# How do you factor 81r^3 - 3t^3?

May 9, 2015

$81 {r}^{3} - 3 {t}^{3} = 0$ has solutions when ${\left(\frac{t}{r}\right)}^{3} = 27$, so $\frac{t}{r} = 3 , 3 \omega \mathmr{and} 3 {\omega}^{2}$, where $\omega$ is the complex cube root of $1$, so $\left(3 r - t\right)$, $\left(3 \omega r - t\right)$ and $\left(3 {\omega}^{2} r - t\right)$ are all factors of $81 {r}^{3} - 3 t$.

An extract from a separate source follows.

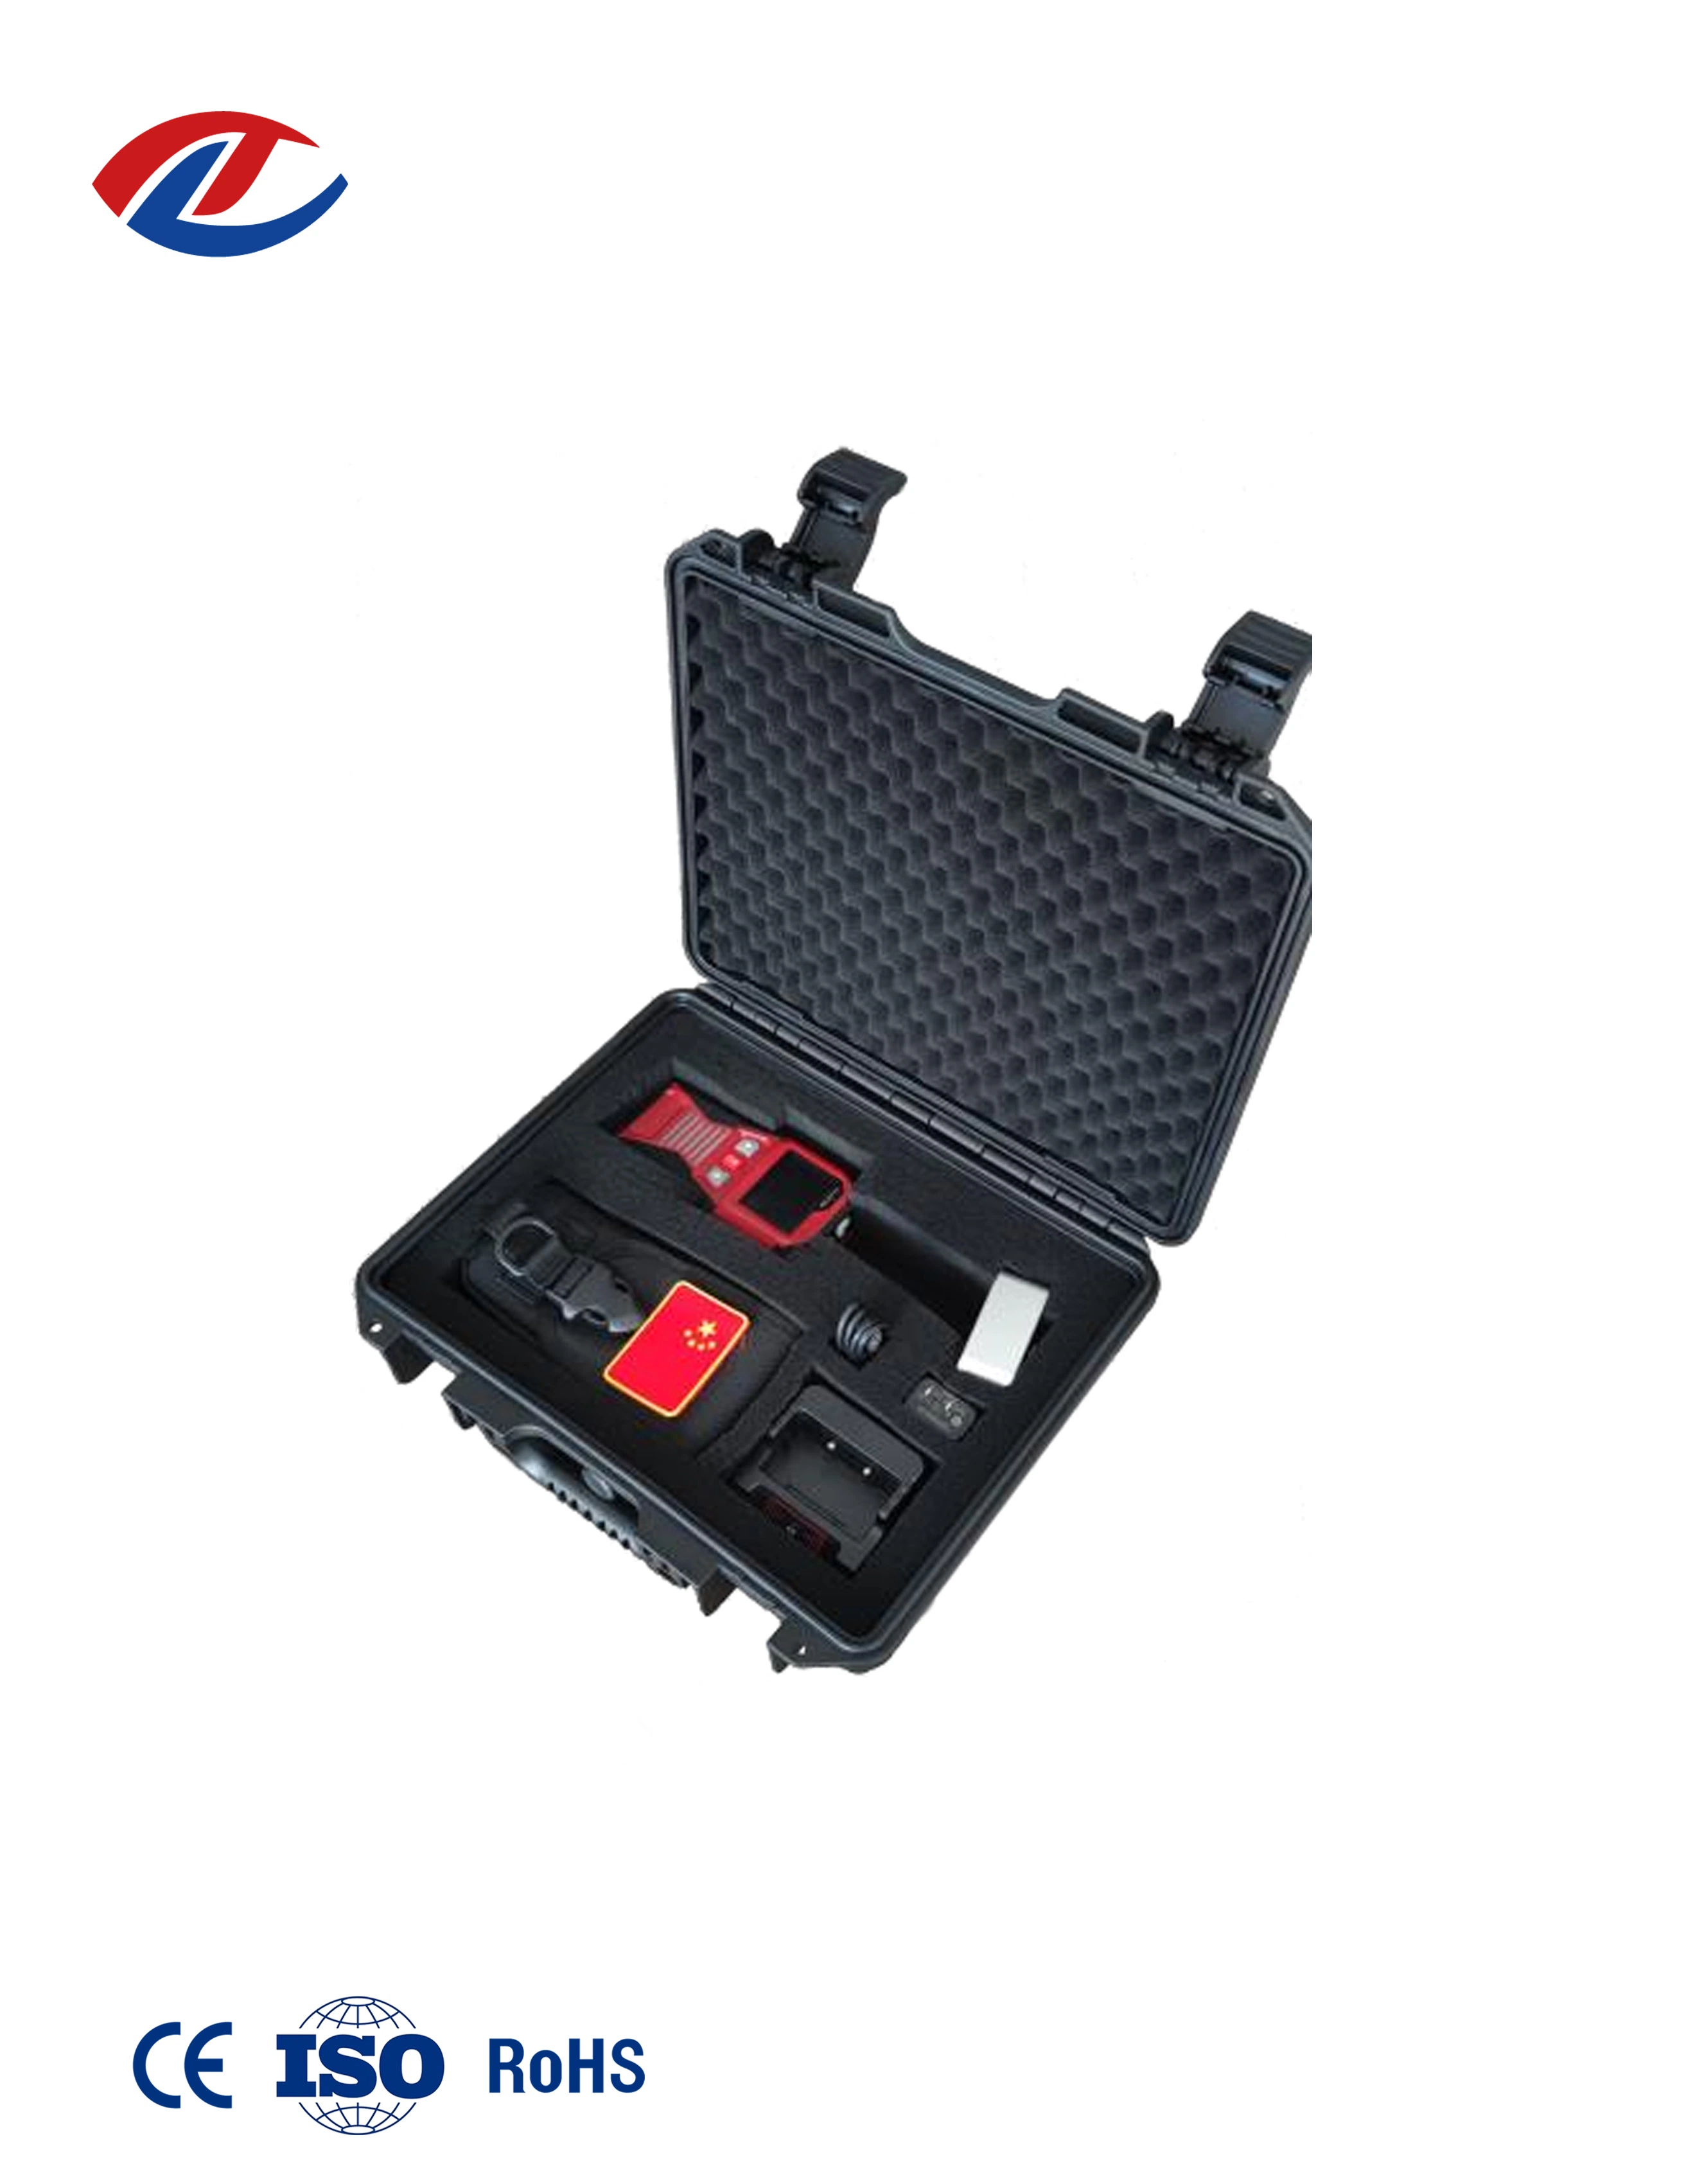 Timelion Portable Methane Gas Detector for Field Inspections RoHS

If we restrict ourselves to real coefficients, the only linear factor is $\left(3 r - t\right)$. The other (quadratic) factor will be of the form $\left(a {r}^{2} + b r t + c {t}^{2}\right)$. We could calculate this using $\omega$, but let's stick to real numbers for simplicity...

Let's try multiplying it out:
(3r - t)(ar^2 + brt + ct^2) = 3ar^3 + (3b - a)r^2t + (3c - b)rt^2 -ct^3

Comparing the coefficients with the original polynomial, we get:
$3 a = 81$
$3 b - a = 0$
$3 c - b = 0$
$c = 3$

Hence $a = 27$, $b = 9$ and $c = 3$.

So $81 {r}^{3} - 3 {t}^{3} = \left(3 r - t\right) \left(27 {r}^{2} + 9 r t + 3 {t}^{2}\right) = 3 \left(3 r - t\right) \left(9 {r}^{2} + 3 r t + {t}^{2}\right)$.